* _HOW TO COMPLETE THIS TASK_:
This exercise calls for the data below to be retyped exactly, minus any images.

* _COLLECTED MATERIAL_:
* * *

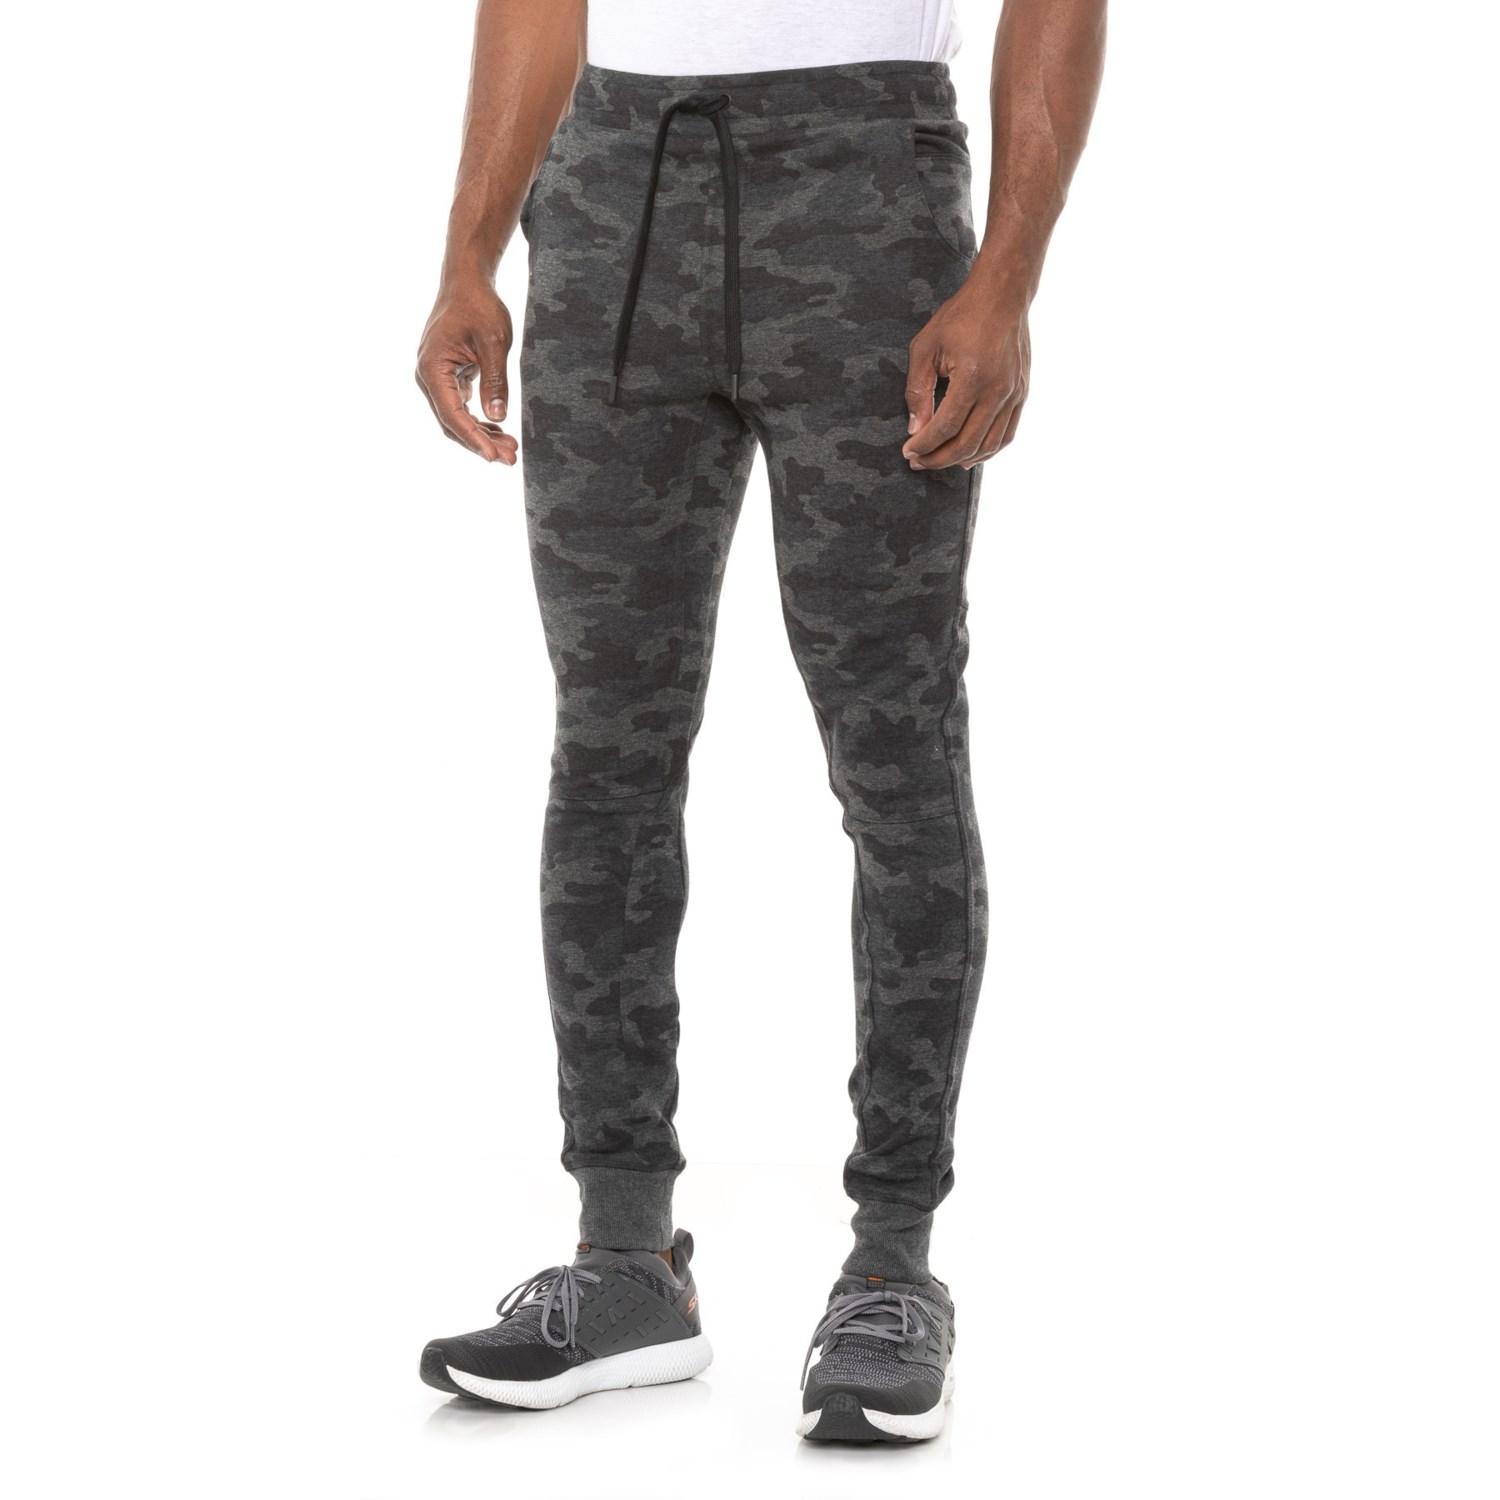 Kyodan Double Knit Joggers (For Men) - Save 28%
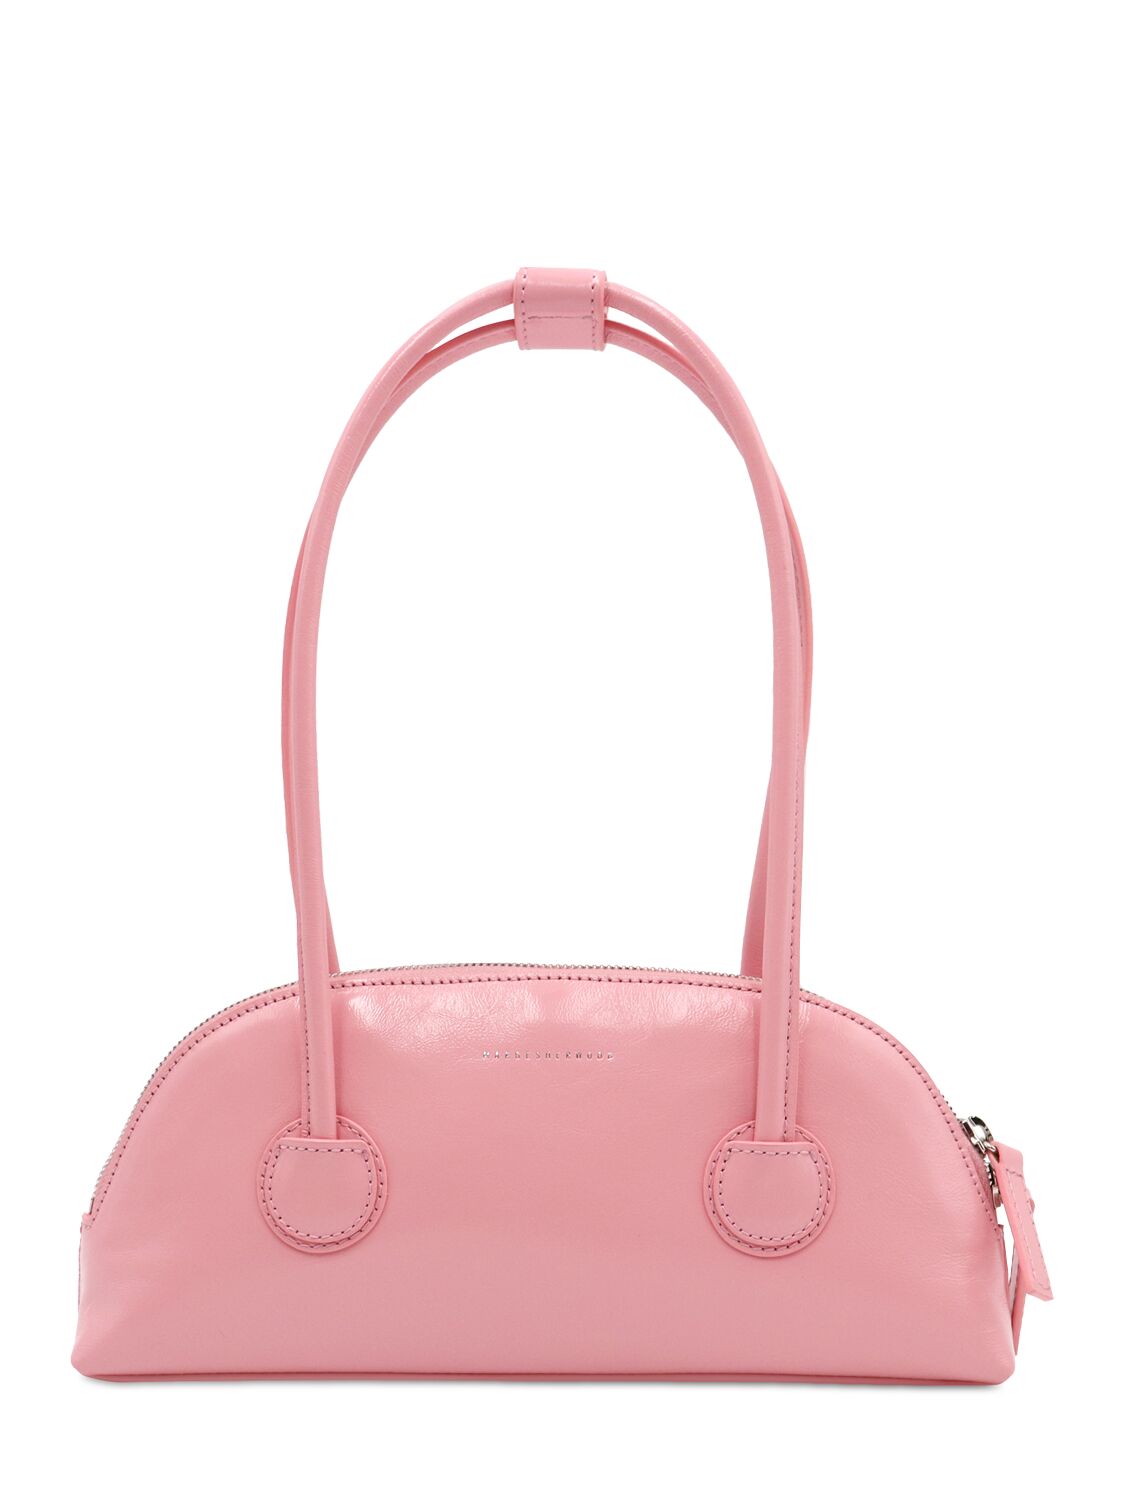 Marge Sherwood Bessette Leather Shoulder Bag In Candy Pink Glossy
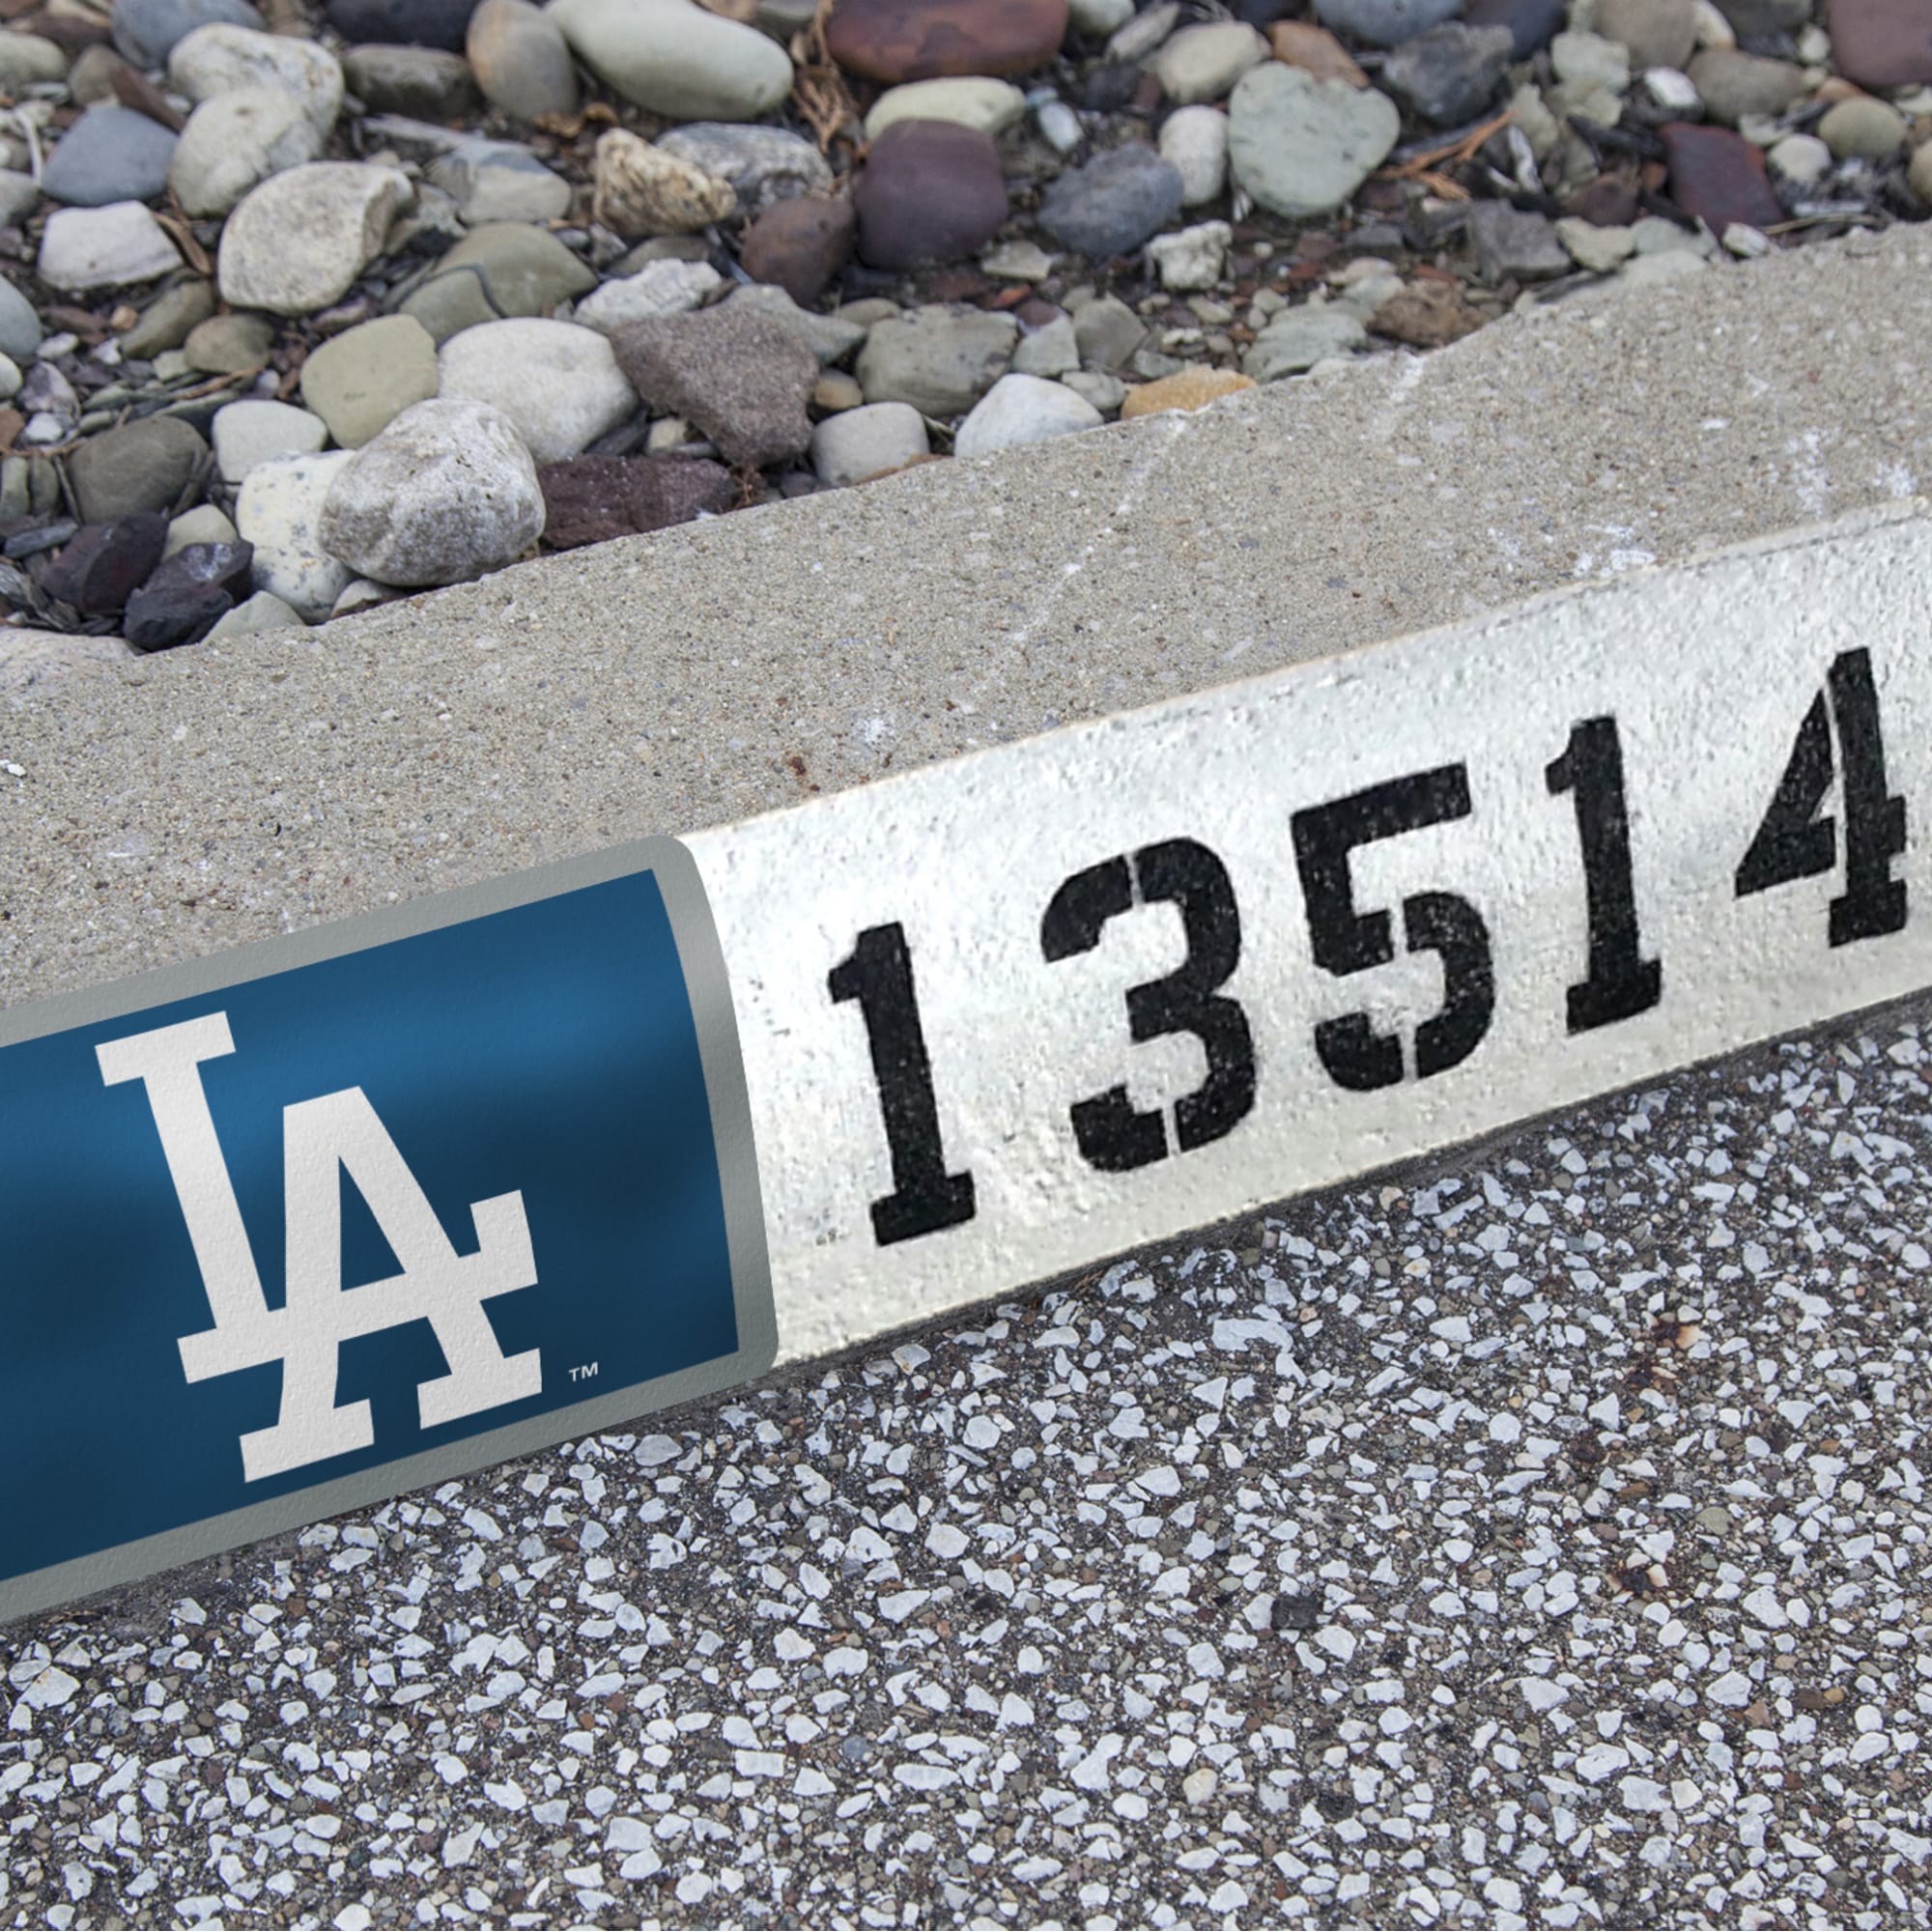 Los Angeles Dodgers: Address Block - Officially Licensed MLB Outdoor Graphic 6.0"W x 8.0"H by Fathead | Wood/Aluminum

* * *

* _COMPLETED EXERCISE_:
 Kyodan Double Knit Joggers (For Men) - Save 28%
 Marge Sherwood Bessette Leather Shoulder Bag In Candy Pink Glossy
 Los Angeles Dodgers: Address Block - Officially Licensed MLB Outdoor Graphic 6.0"W x 8.0"H by Fathead | Wood/Aluminum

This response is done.